Simple XML parsing in KCML
KCML has a built in XML 1.0 non-validating parser based on version 1.0 of James Clark's Expat which can build a tree from XML supplied either in a file (XML_OPEN) or in a string buffer (XML_PARSE_BUFFER). A program can then traverse the tree from top to bottom by calling XML_NEXT repeatedly to get the next element together with its value and any attributes.
Advantages
Disadvantages
Encodings
The data returned by the parser in XML_NEXT is always Unicode expressed as UTF-8. The parser also can accept documents in other encodings or subsets of Unicode that it can reformat into UTF-8. The parser recognizes the following encoding in the initial <? xml ?> tag.
| ISO-8859-1 |
| US-ASCII |
| UTF-8 |
| UTF-16 |
| UTF-16BE |
| UTF-16LE |
If no encoding attribute is given then the parser will try to autodetect UTF-16 and if not detected it will assume the document is in UTF-8. An error will be thrown if the data is not compatible with the declared or presumed encoding.

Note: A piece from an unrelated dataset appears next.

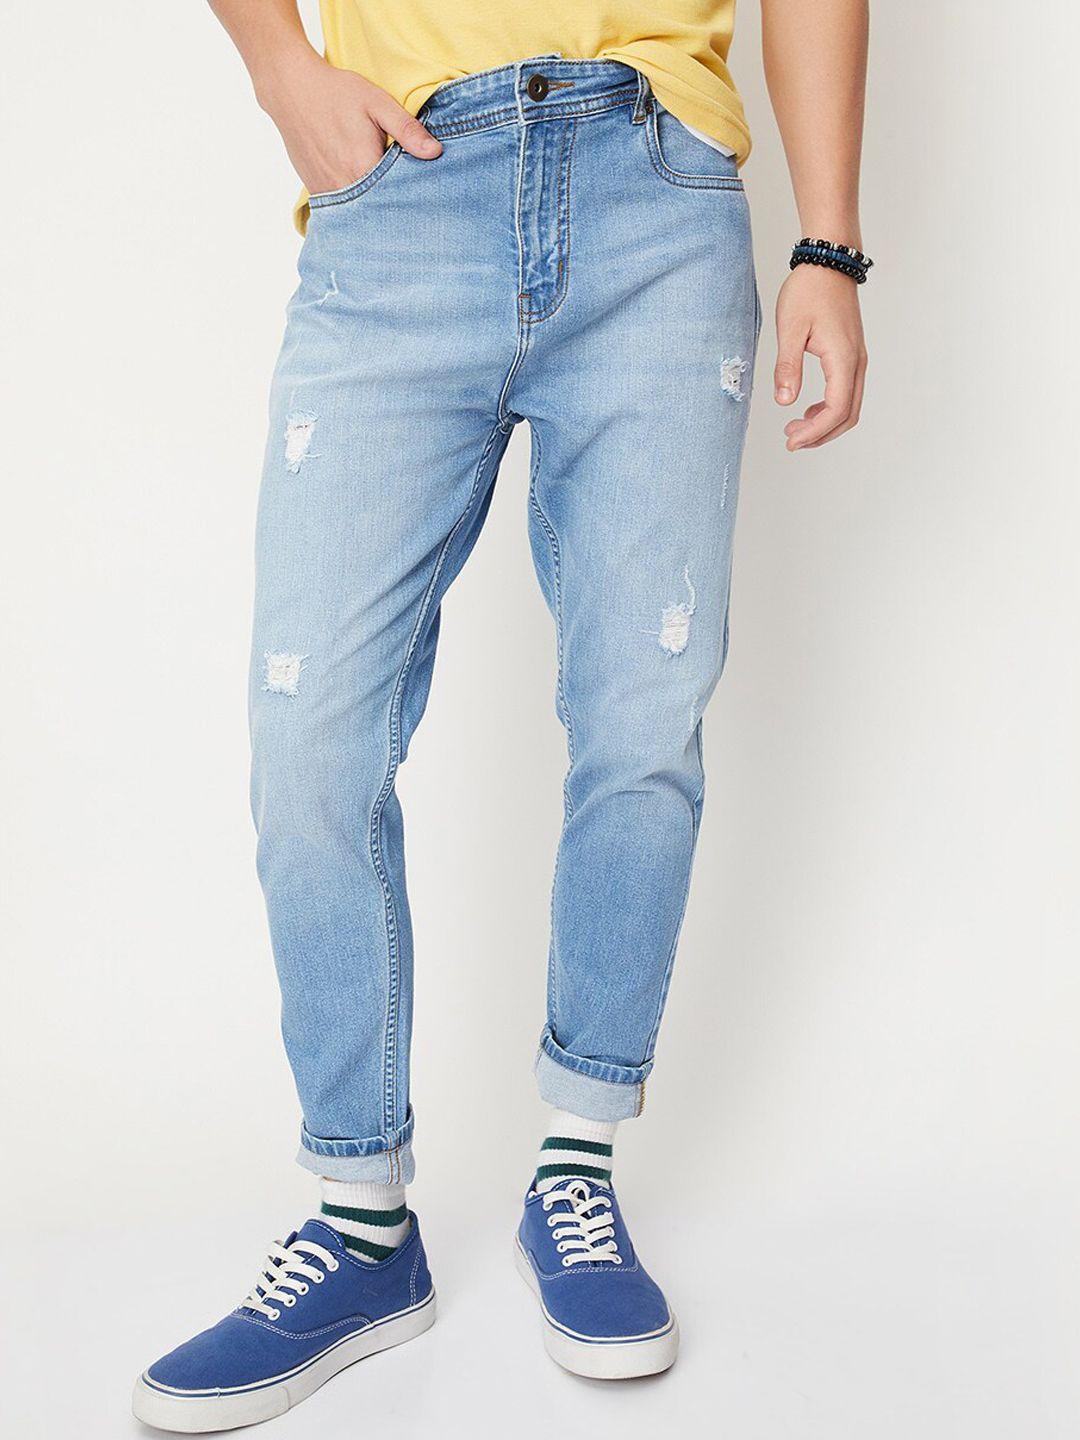 max-men-mildly-distressed-heavy-fade-jeans

Note that ISO-8859-1 is the same as Latin-1 and almost identical to Windows 1252 however the Euro symbol € is at 0x0080 rather than 0x20AC. Latin-1 is default encoding for KCML 5.x and 6.00. UTF-8 is the default encoding for KCML 6.10 and above.
KCML systems can run in one of two encoding modes
Before KCML 6.20 only code page encoding was supported. The code page used in a system is determined by the locale settings for the version of Windows hosting the KCML client and must be the same for all clients. For more about code pages and Unicode see this tutorial.
Consequently in a code page encoded system you will need to convert the data returned by XML_NEXT into the local code page using $PACK(E="UTF-8"). You will first need to set the locale in byte 61 of $OPTIONS RUN to the language number for that locale. You can set the byte to HEX(FF) on a Unicode encoded system to have common code. The $PACK operation will then just be a copy.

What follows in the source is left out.